В начале ноября Джордж вернулся с очередного свидания с Анджелиной рано, он был мрачен и молчалив.
— Что случилось? — спросил Фред, как только ему удалось сплавить Джордана играть в комнату девочек в карты. Джордж в ответ только тяжело вздохнул, отмахиваясь. — Фордж, я же вижу! Говори!
— Кажется, я нравлюсь Грейнджер, — тихо ответил он, садясь на кровать брата и сжимая голову руками. — Черт возьми…

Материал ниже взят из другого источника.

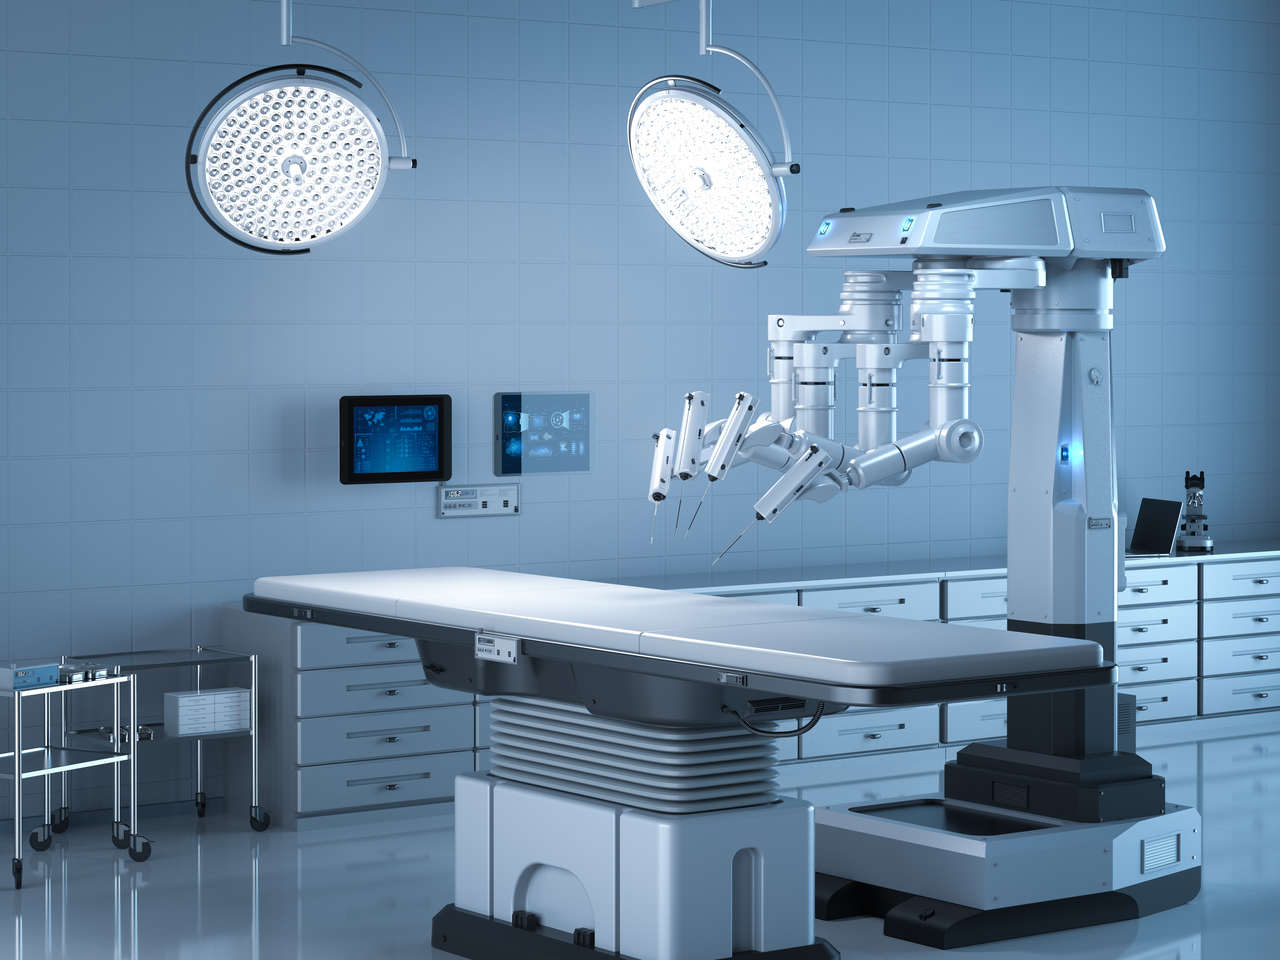 Cirurgia Robótica Goiânia - Como funciona a Cirurgia Robótica e quais os riscos?

— С чего ты решил? — старший Уизли нахмурился, тоже подсаживаясь рядом.
— Да со всего, Моргана меня подери!.. Мерлин, она ведь хорошая, я не хочу обижать ее.
— Расскажи по порядку, Фордж, — из комнаты Поттера и компании послышались громкие вскрики, кажется, Симус снова что-то пытался наколдовать, но результат оказался обычным. Фред поморщился, зная, что теперь запах горелого еще долго будет витать по башне.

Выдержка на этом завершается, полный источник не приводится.